Talk about a being in a precarious predicament. Senator Andrew Foster is being considered
for the vice presidency at the very time he's made the most serious blunder of his long and
illustrious career. Foster's mistress was brutally slain while the senator lay unconscious on
the bedroom floor of their little love nest. Obviously, if he is linked to the murder victim
in any manner, Foster's aspirations to be "just a heart beat away" from the presidency will be
ended, along with his marriage and political career.
When an anonymous phone call lets the senator know that the entire sordid affair that
culminated in the woman's death was captured on tape, he realizes he must do something pretty
drastic to salvage the volatile situation.
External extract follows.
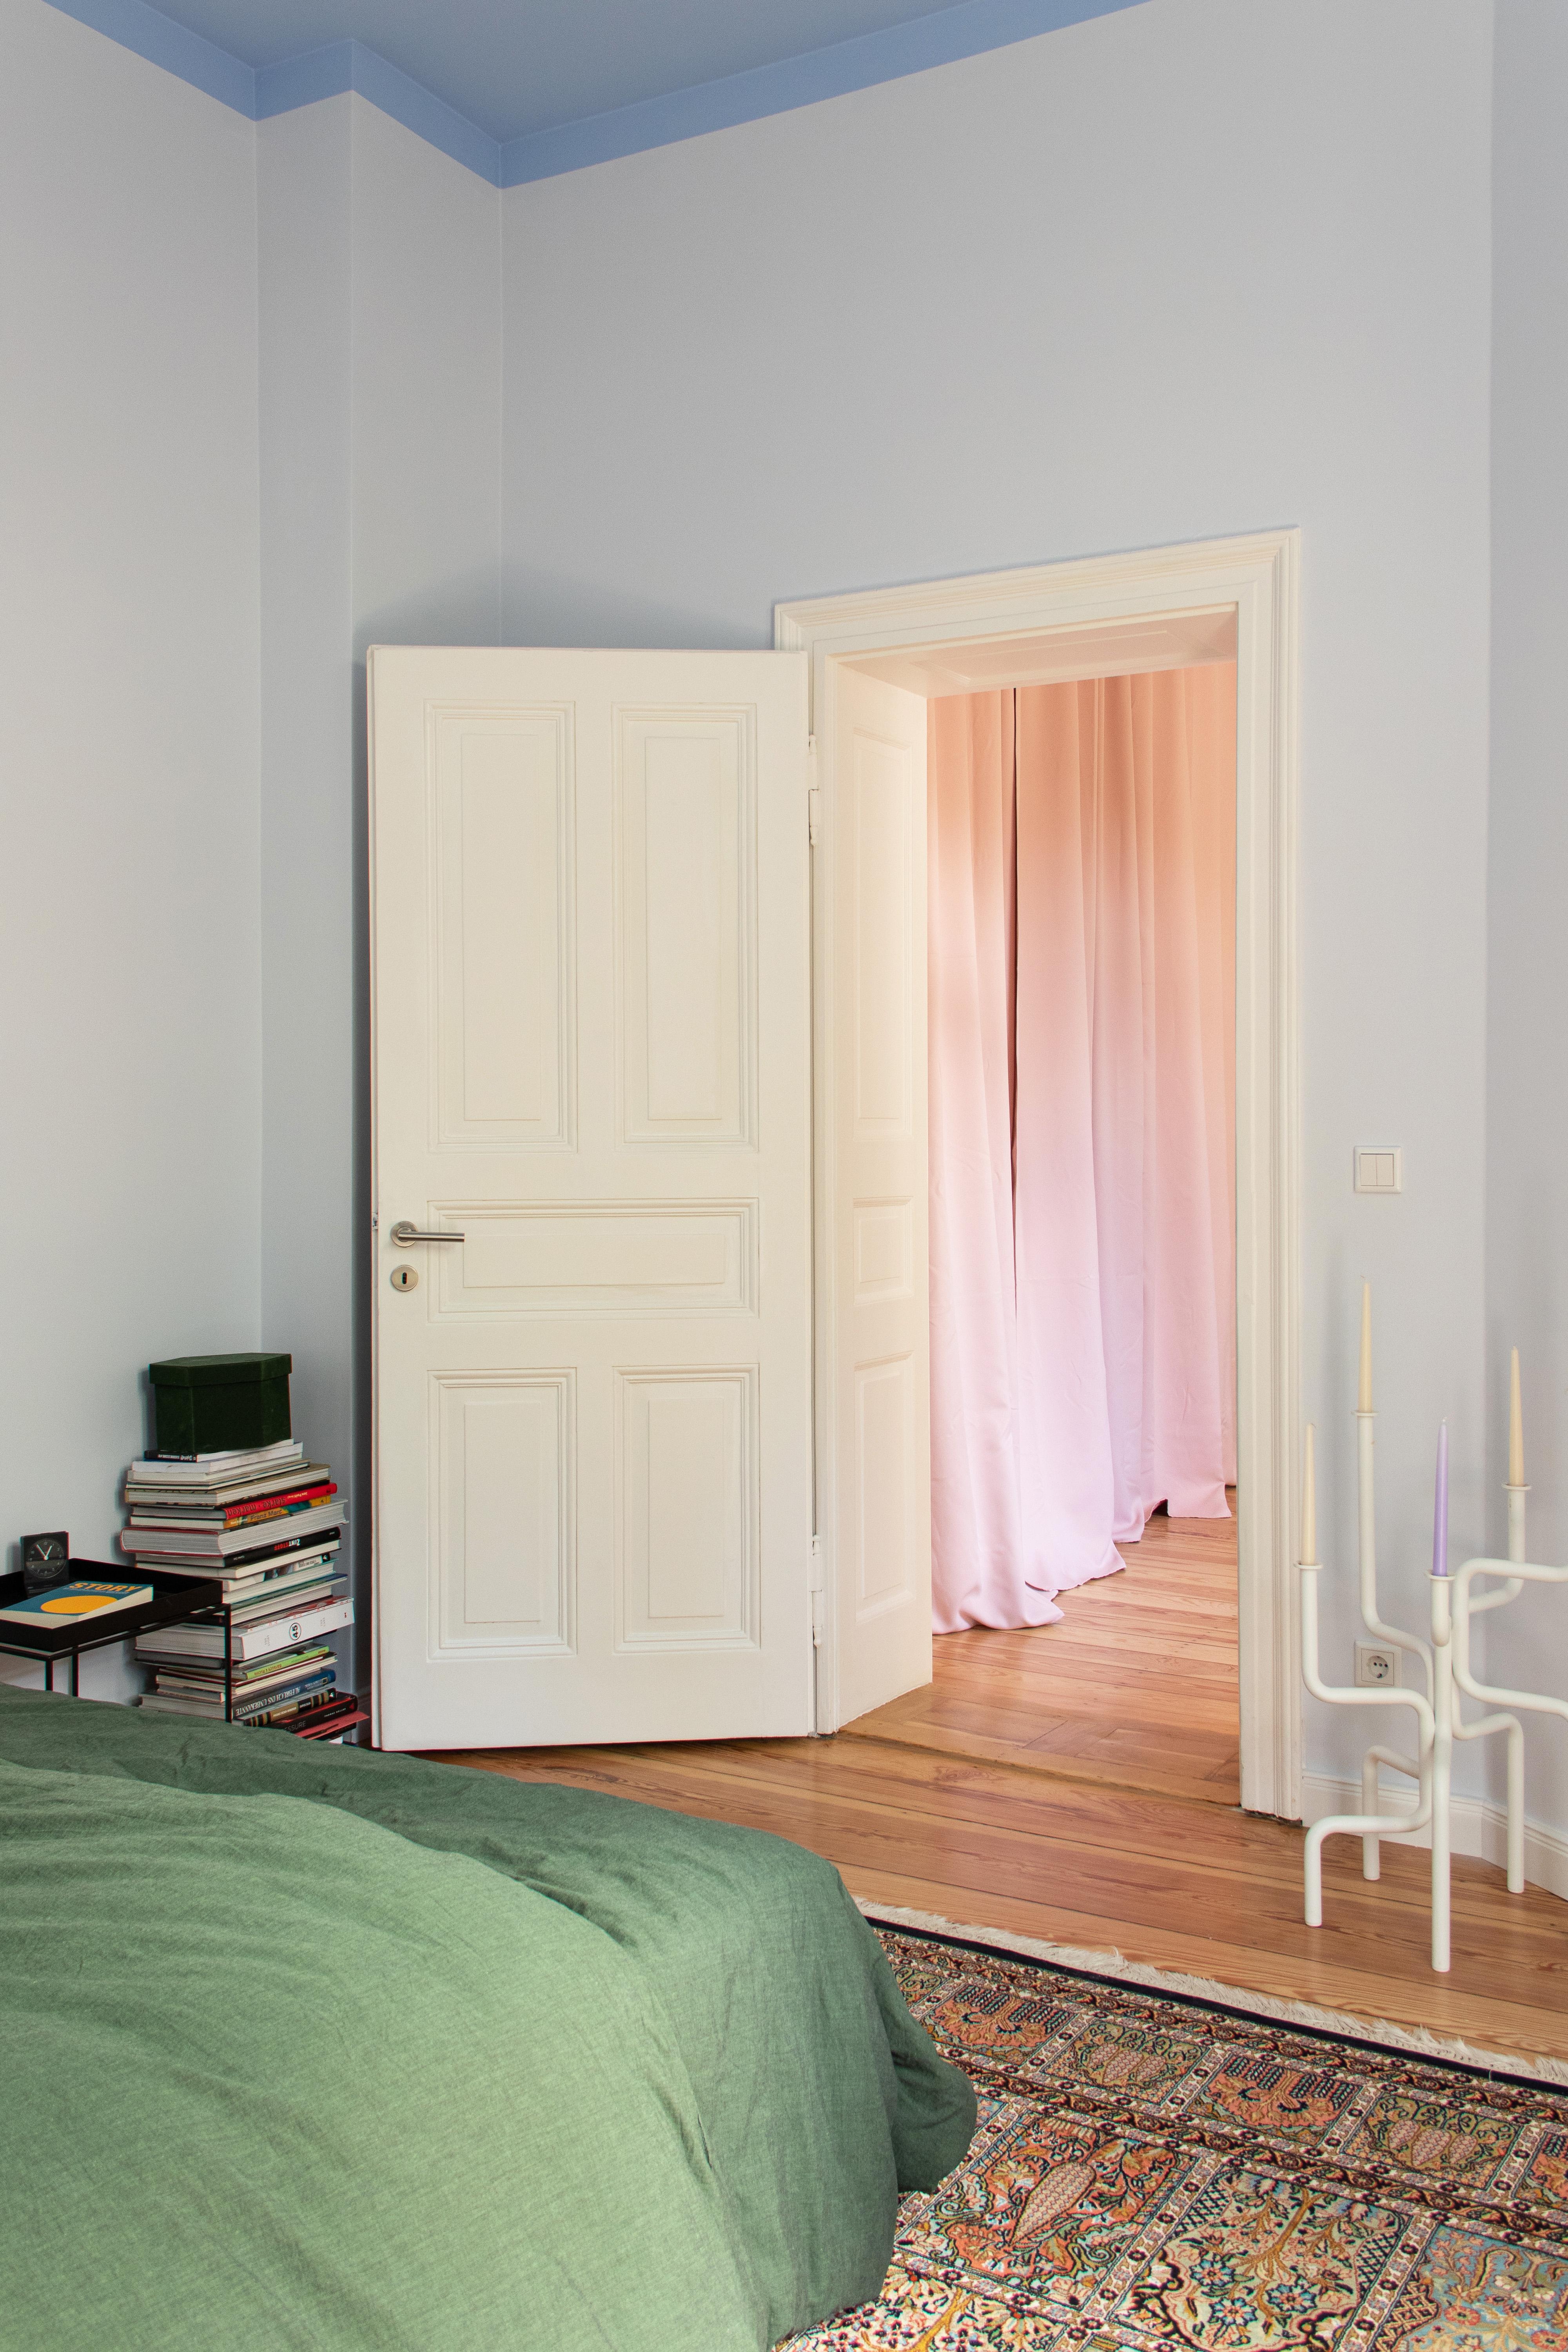 #Schlafzimmer #Bett #Wandfarbe #Vorhang #Rosa #Grün #Hellblau #Decke #Altbau #Couchliebt #Couchstyle

It gets extremely complicated, though, when the
blackmailers find the tables turned and the person they hired to do the taping is now holding
the "evidence" for ransom.
We have already seen what can happen to a real life politicians like John Edwards or Eliot
Spitzer when their infidelities are revealed. But their situations never spun so completely out
of control as what happens to this fictional character.
Richard Hawke creates a scenario that dramatizes the interplay between power politics and
salacious behavior and the interesting outcomes that can result. Obviously, none of them are
good, but House of Secrets puts a wild spin on the how the politician handles damage
control and also how his jilted wife responds.